Iglesia románica (San Nicola - Bari)¿Y… qué es Occidente?

Hoy tendemos a entender como cultura Occidental a aquella sustentada en el sistema capitalista, adalid del progreso tecnológico y portadora de las banderas de la Revolución Francesa. Más allá de ello, Occidente posee diversos “antes” y “después” de varias circunstancias. Las diferencias relacionadas a lo político (capitalismo – comunismo o democracia – no democracia) son en realidad una profundización reciente de una diferencia antiquísima. Lejos en el tiempo de estas jóvenes rencillas, ciertos acontecimientos acaecidos en épocas fundacionales signan la pertenencia de los pueblos a una u otra cultura, tanto como exponen la labilidad de esa frontera. En esta línea, el nacimiento de Cristo, el surgimiento de Bizancio, y el descubrimiento de América son tres de los más célebres hitos que sacuden la historia de Occidente.

El nacimiento de Cristo marca un punto de inflexión, en tanto germen de la religión occidental emblemática de Occidente, a la vez que acontecimiento posteriormente considerado para marcar una variable fundamental: el tiempo.

En tanto, la cultura románica, cuyos orígenes se remontan al año 750 AC y es considerada fundadora de la tradición occidental, adopta un cariz especial hacia el 400 DC, cuando el emperador Constantino establece las bases de Bizancio, el imperio cristiano de Oriente.

El tercer hecho, ubicado en 1492, revoluciona otra categoría importantísima para pensar la cuestión occidental: el espacio, ampliado a través de la Conquista europea de América.

La cuestión cultural

Si nos abstraemos, en un principio, en estos tres puntos para el análisis, veremos que todos ellos implican contactos con otras culturas.

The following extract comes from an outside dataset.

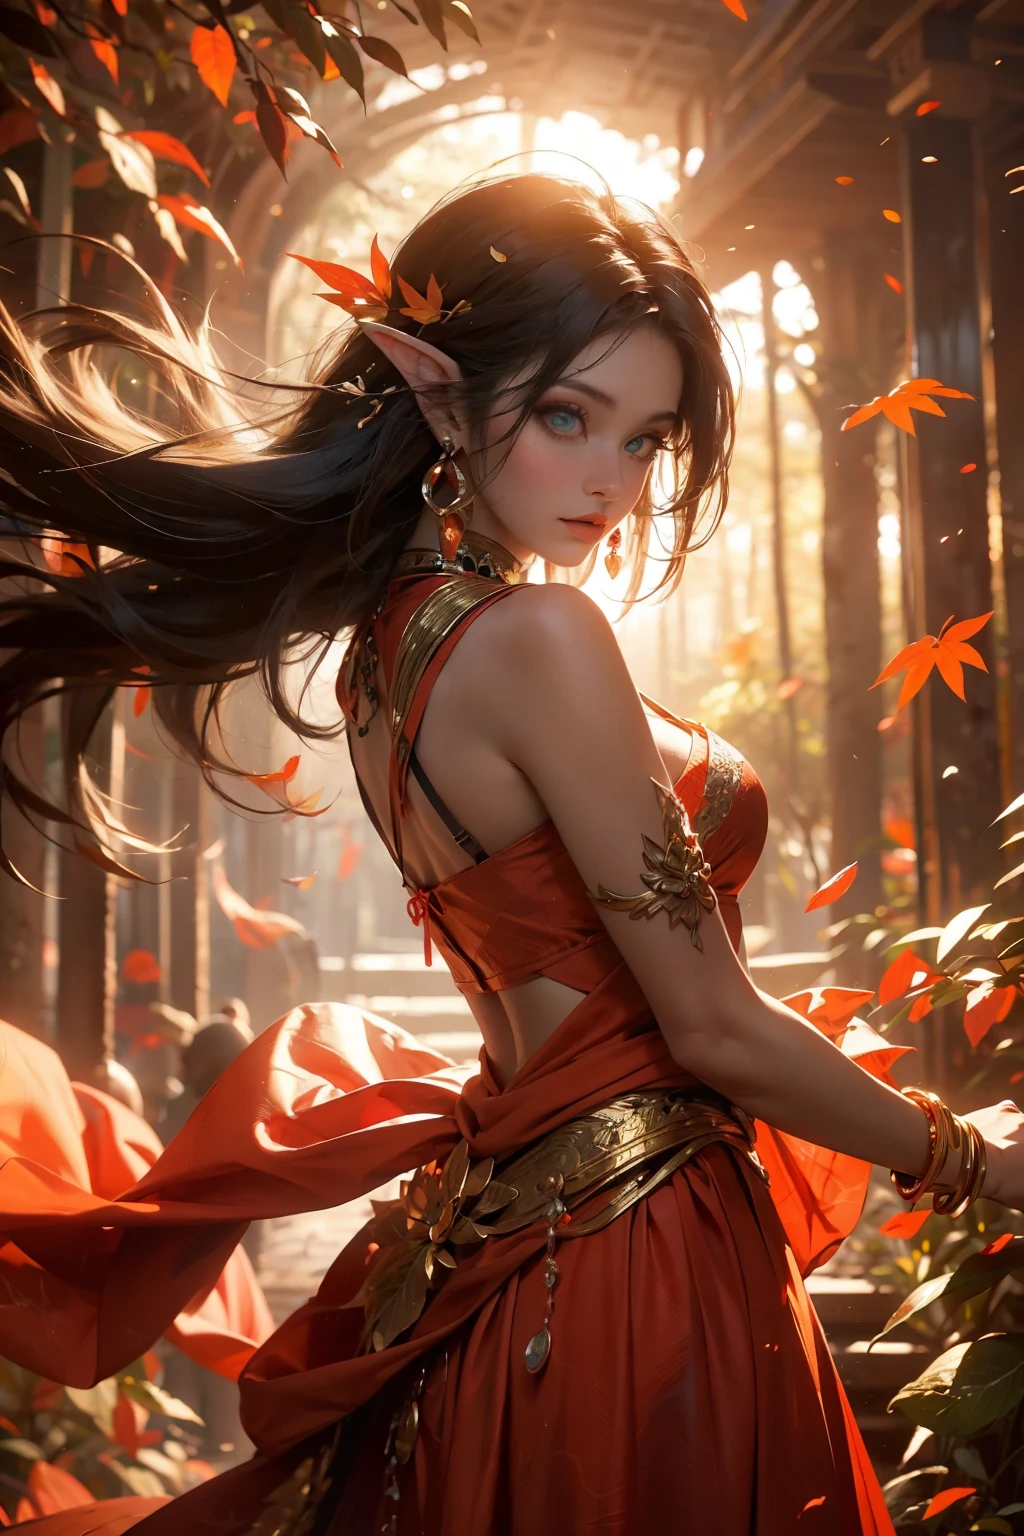 これは ((超詳細)) そして ((最高品質)) ファンタジー (((傑作))). Generate a beautiful wood faerie stそしてing in the middle of a magical forest. Detailed leaves of oranges そして reds float through the air そして seem to swirl in a strong gust of 風. の ((妖精の目は重要だ)) そして are beautiful eyes, ((リアルに細部までこだわった目)), 興味深い目, そして (((カラフルな目))) 複雑なパターンを持つ. Her clothes are soft そして in autumnal hues, 風に舞う流れるようなシルク. 利用する ((ダイナミックな構成)) そして cinematic lighting to create a compelling image. 美しい目を含める, (腫れた唇), オレンジの葉, 赤い細かい葉, かすんだ光線, 風, 寒い

Y esos contactos suponen, en los tres casos, largos procesos de convivencia con “culturas otras”, procesos que transformaron las expresiones de Occidente de infinitas maneras. Claro está, esa convivencia generó disputas territoriales e ideológicas que acabaron indefectiblemente en expulsiones y exterminios, fundamentalmente de parte de Occidente.

En cuanto al nacimiento de Cristo, no es su circunstancia cronológica sino su contexto y su posterior implicancia simbólica lo que aquí nos interesa. En principio este hecho, recuperado después por el Cristianismo, transcurre dentro de una cultura no considerada hoy “occidental”, como es la judaica, bajo el dominio de Roma. La cultura judía, relegada a la condición de mero antecedente de la cristiana, fue el marco en el que transcurrió la historia de Jesús, y sus ritos, palabras y costumbres pasaron, sin mayores explicaciones, por cierto, a formar parte de la tradición cristiana. Como ejemplo simple, la Pascua, fiesta cristiana por excelencia, tiene su origen en celebraciones judías. De todos modos, siendo la cultura y tradición judías a la vez germen y elemento contemporáneo a la historia de la religión occidental emblemática, no es tomado en cuenta a la hora de considerar los pilares fundamentales de Occidente. En tanto, la evolución del Cristianismo llega a que en 1582, el nacimiento de Cristo se adopte como año 0, e inaugure la Era Cristiana. Esta forma de medir el tiempo, llamada calendario gregoriano, rige hasta hoy en la mayor parte de Europa, América, China, Japón y la ex Unión Soviética. Esta vez, el lejano Oriente adopta una pauta occidental para medir el tiempo.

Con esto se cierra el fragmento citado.